*** Opening INFORMATION PROVIDED ***

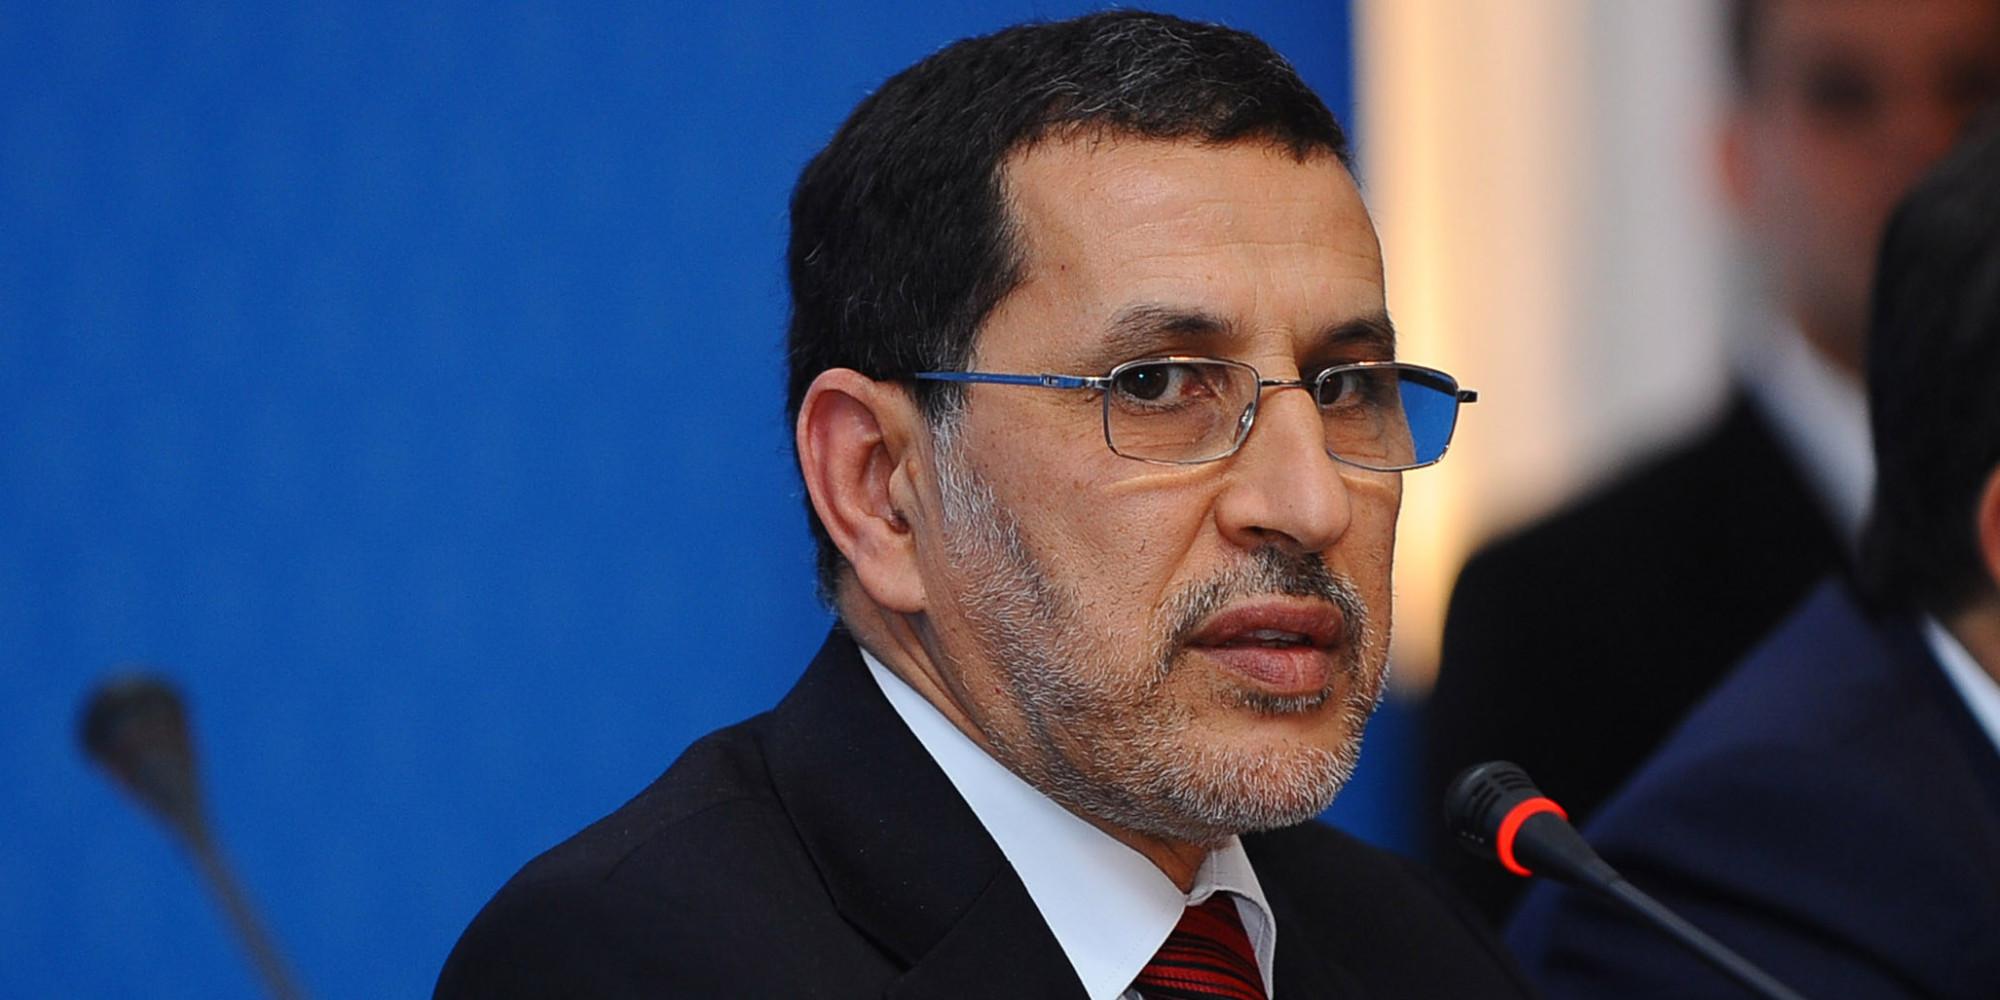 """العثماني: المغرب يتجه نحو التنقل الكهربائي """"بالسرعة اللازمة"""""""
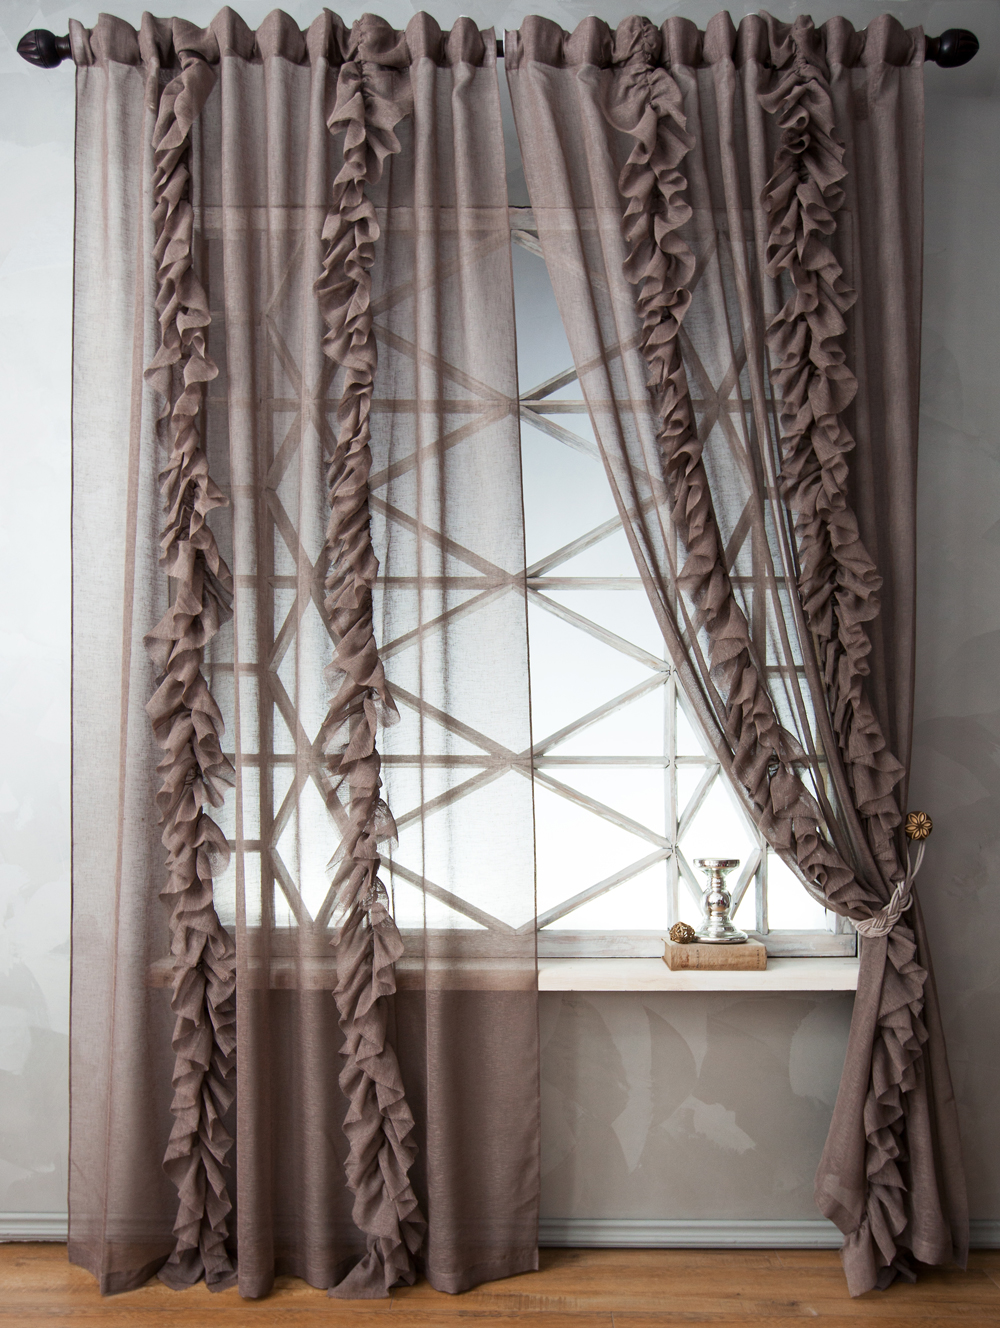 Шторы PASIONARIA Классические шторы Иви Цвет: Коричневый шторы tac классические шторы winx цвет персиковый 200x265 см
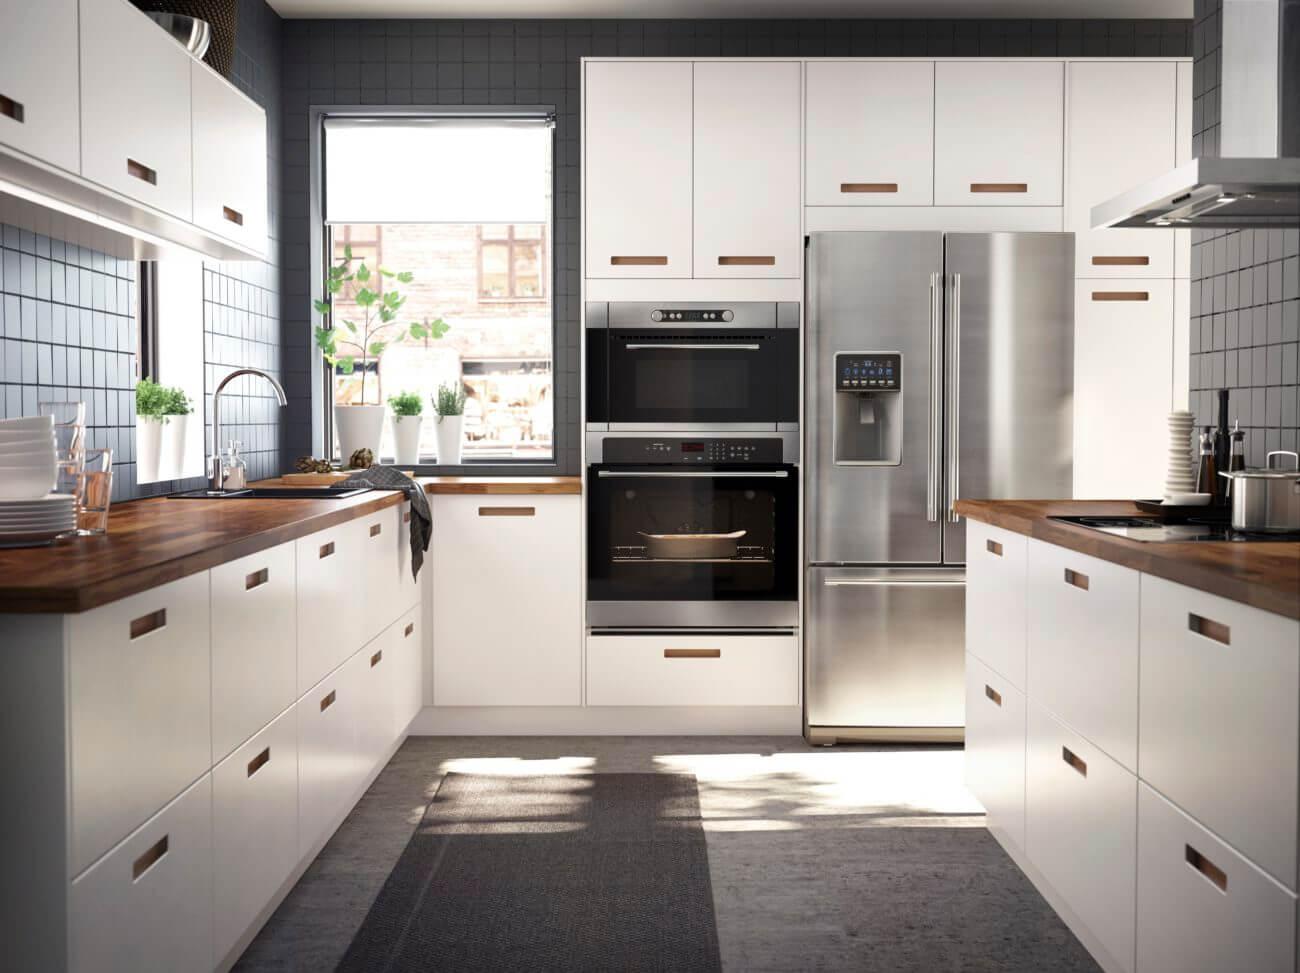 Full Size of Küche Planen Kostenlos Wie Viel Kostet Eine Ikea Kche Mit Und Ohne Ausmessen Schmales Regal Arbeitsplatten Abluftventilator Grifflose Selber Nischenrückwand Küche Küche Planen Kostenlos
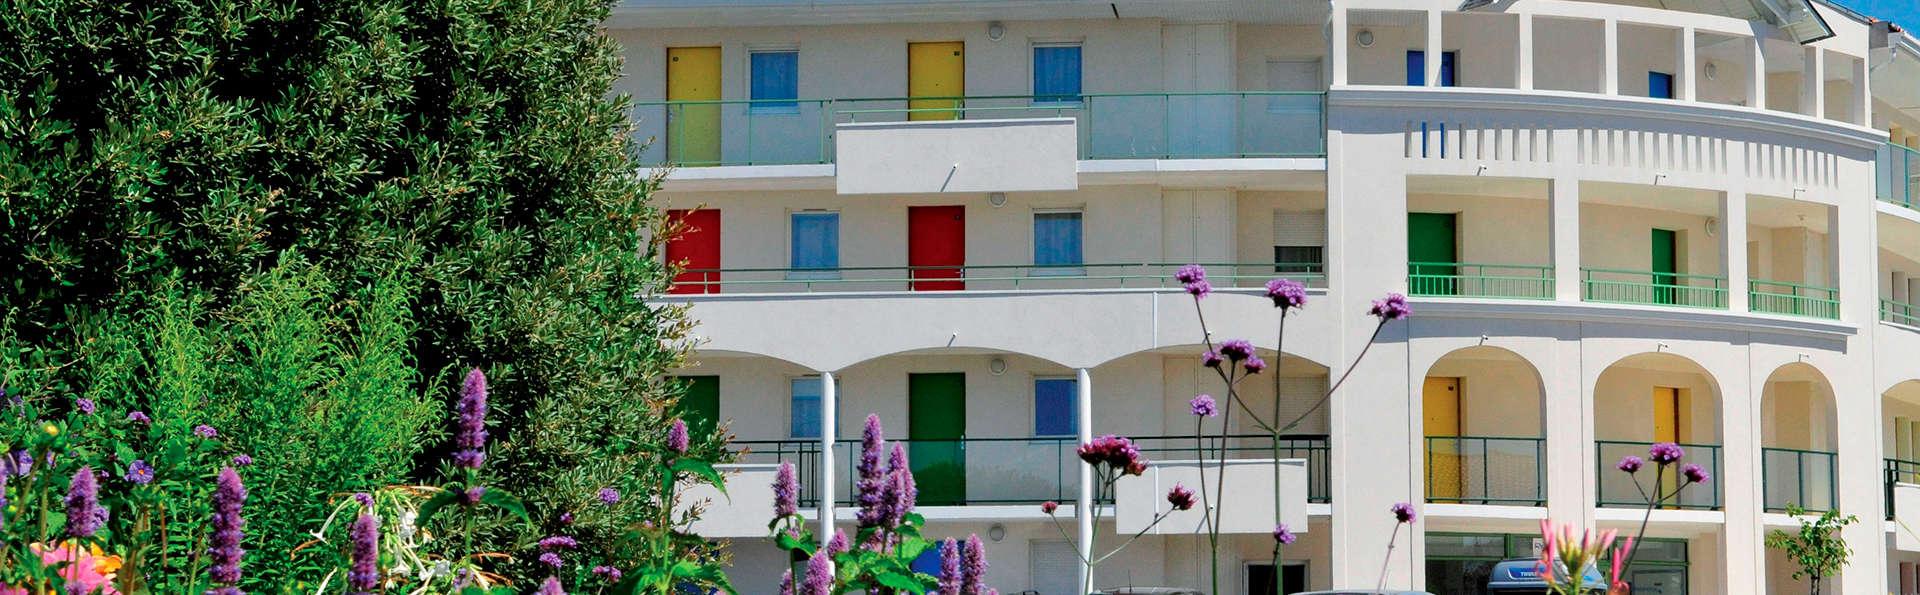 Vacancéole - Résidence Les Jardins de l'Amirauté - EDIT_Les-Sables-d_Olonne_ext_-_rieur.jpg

*** Closing INFORMATION PROVIDED ***

The job is to return the listing above exactly, minus its pictures.

 """العثماني: المغرب يتجه نحو التنقل الكهربائي """"بالسرعة اللازمة"""""""
 Шторы PASIONARIA Классические шторы Иви Цвет: Коричневый шторы tac классические шторы winx цвет персиковый 200x265 см
 Full Size of Küche Planen Kostenlos Wie Viel Kostet Eine Ikea Kche Mit Und Ohne Ausmessen Schmales Regal Arbeitsplatten Abluftventilator Grifflose Selber Nischenrückwand Küche Küche Planen Kostenlos
 Vacancéole - Résidence Les Jardins de l'Amirauté - EDIT_Les-Sables-d_Olonne_ext_-_rieur.jpg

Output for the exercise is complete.